Here is a list of tactics (i.e. “power moves”) that you’ve likely seen used by those with some amount of power. Let’s think about how improved clarity on decision rights can mitigate the negative effects of these tactics.

  • Controlling Access to Information 

    • Concern: When information is not open across the organization, it can hamper decision making.

    • Explore: When decision rights are clarified, discussions of “information rights” and openness are easier.

  • Controlling Access to Specific People 

    • Concern: When gatekeepers protect their staff and access to teams, it can strengthen the walls of the silos.

    • Explore: When decision rights are clear, then involving others - and giving them specific roles in the decision making - can be seen as mutually beneficial.

  • Selective Use of Objective Criteria 

    • Concern: Controlling the decision criteria can control the decision.
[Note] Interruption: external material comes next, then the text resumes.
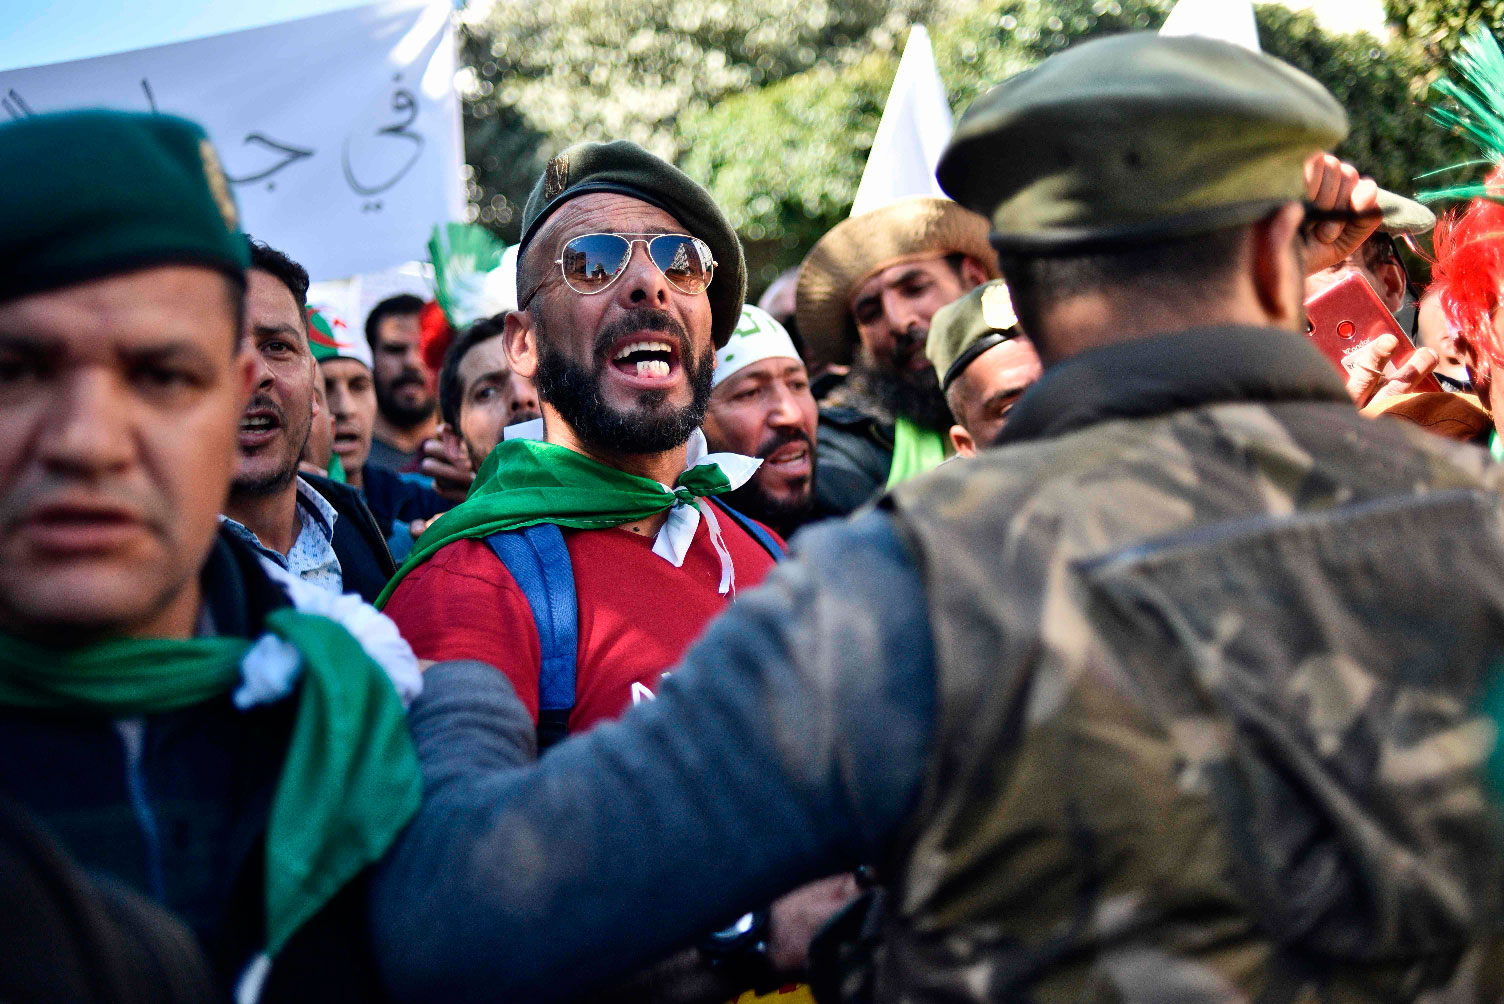 Veteran soldiers from Algeria's civil war take part in a demonstration against ailing President Abdelaziz Bouteflika in the capital Algiers on March 29, 2019.

Providing the interpretation of the data can silence alternative interpretations.

    • Explore: Decision rights convey the responsibility of building the criteria, and the accountability for the decision itself.

  • Controlling the Agenda 

    • Concern: Stifling dialog for a specific decision (or keeping it off the meeting agenda completely!), is another tactic to influence results.

    • Explore: Those accountable for decisions can control the related agenda, instead of begging for time on someone else’s meeting.

  • Bureaucratic Gamesmanship 

    • Concern: When those executing the decision making processes don’t have “skin in the game” for the execution or results, then policies can be abused to influence the results (e.g. redundant deliberation).

    • Explore: When those with decision rights also drive the decision practices (within a supporting decision architecture), the incentives are aligned for results.

  • Coalitions and Alliances

    • Concern: With horizontal decentralization of decision rights, coalitions will be inevitable and needed.

    • Explore: Use decision rights to clarify who “owns” which kind of decisions. When interests overlap, these rights can be rotated over time, to improve perceptions of fairness.

Power structures are shaping your organizational decisions today, for better or for worse. Do you need to act? If employee engagement surveys point to frustration with “how decisions get made” or suggest “too much politics and too many power plays”, then maybe it’s time to explore ways to improve the shared understanding of decision rights across the organization.

By making decision rights more explicit, the balance between organizational power and delegated authority can be re-tuned, and then (continuously) refined.